The manuscript tackles an important problem in MIT, is clearly written and shows clear improvement in the MIT images. Some minor comments are given for consideration below.
1) IS voluminous a good term?
2) In abstract you ".. with a practical measurement". Perhaps "practical measurements".
3) Mention clearly what sensitivity you are calculating. Sensitivity to conductivity changes, I assume.
4) In equation (2.1), what is the volume V? I thought that the signal to be measured is the integral of the E-field along the measurement coil? Or with Stokes theorem, iωB over the surface covered by the coil. Where does this equation (2.1) come from?
5) I do not quite understand in the case of circular coil, why the measurement coil is perpendicular to the exciter? What if it is parallel? Do you get a bigger signal?
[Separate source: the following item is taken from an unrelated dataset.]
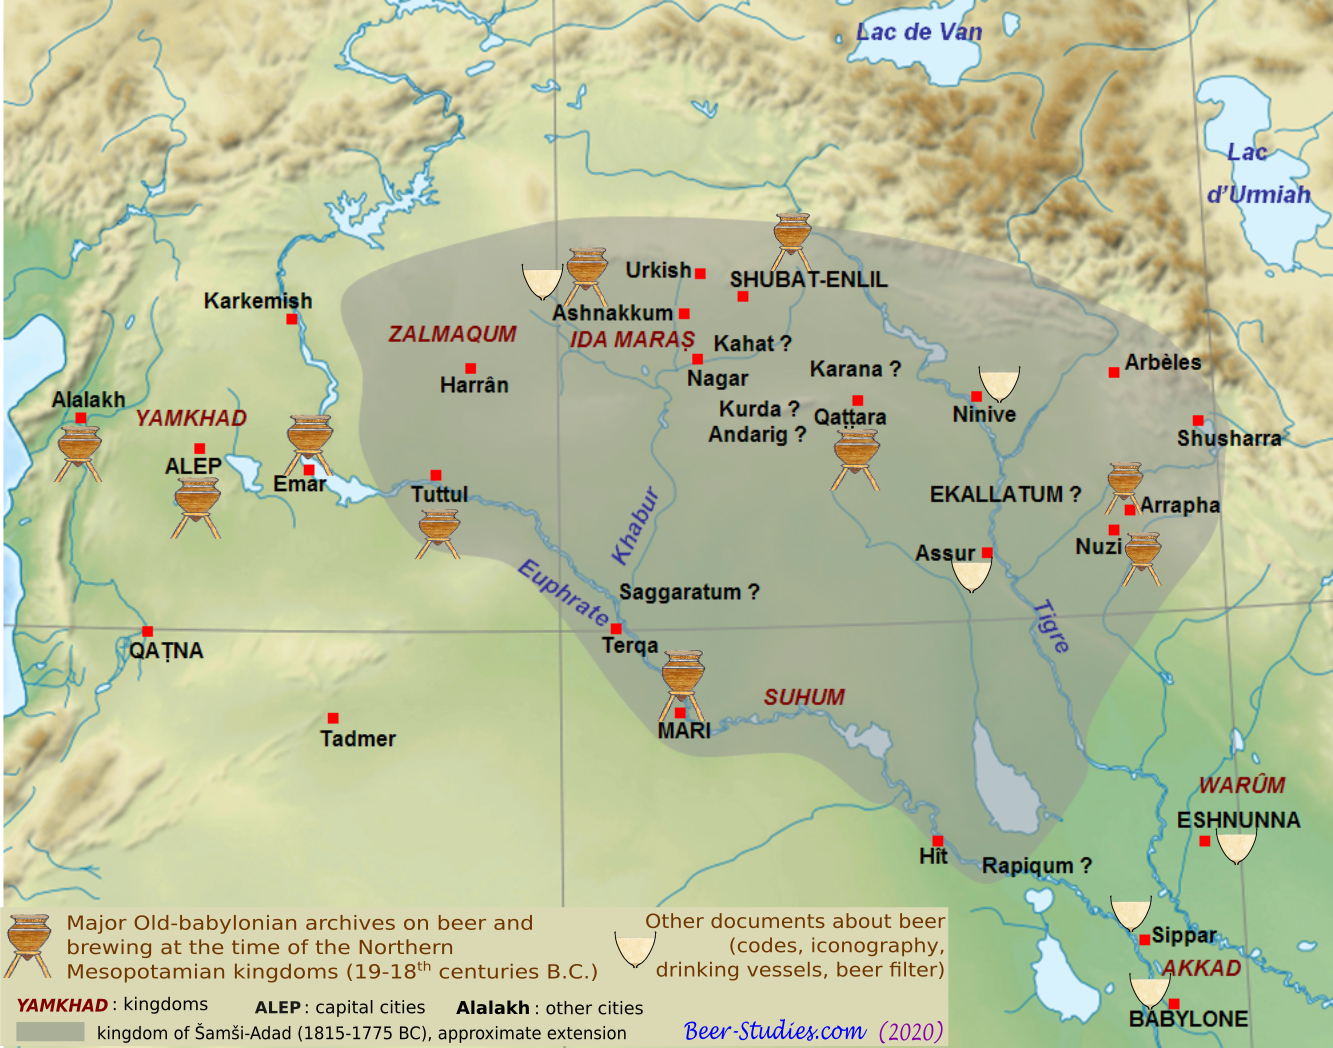 Archives on beer & brewing from the Northern-Mesopotamia kingdoms

6) Your comparison between the undulating (i do not like this term, by the way) and circular coil is slightly unfair, since your circular coil is large with one loop, but the undulating coil has several loops. You could basically get the same improvement with several circular coils that are excited simultaneously. Same kind of pattern with increased central sensitivity could be achieved, I assume. Comment on this?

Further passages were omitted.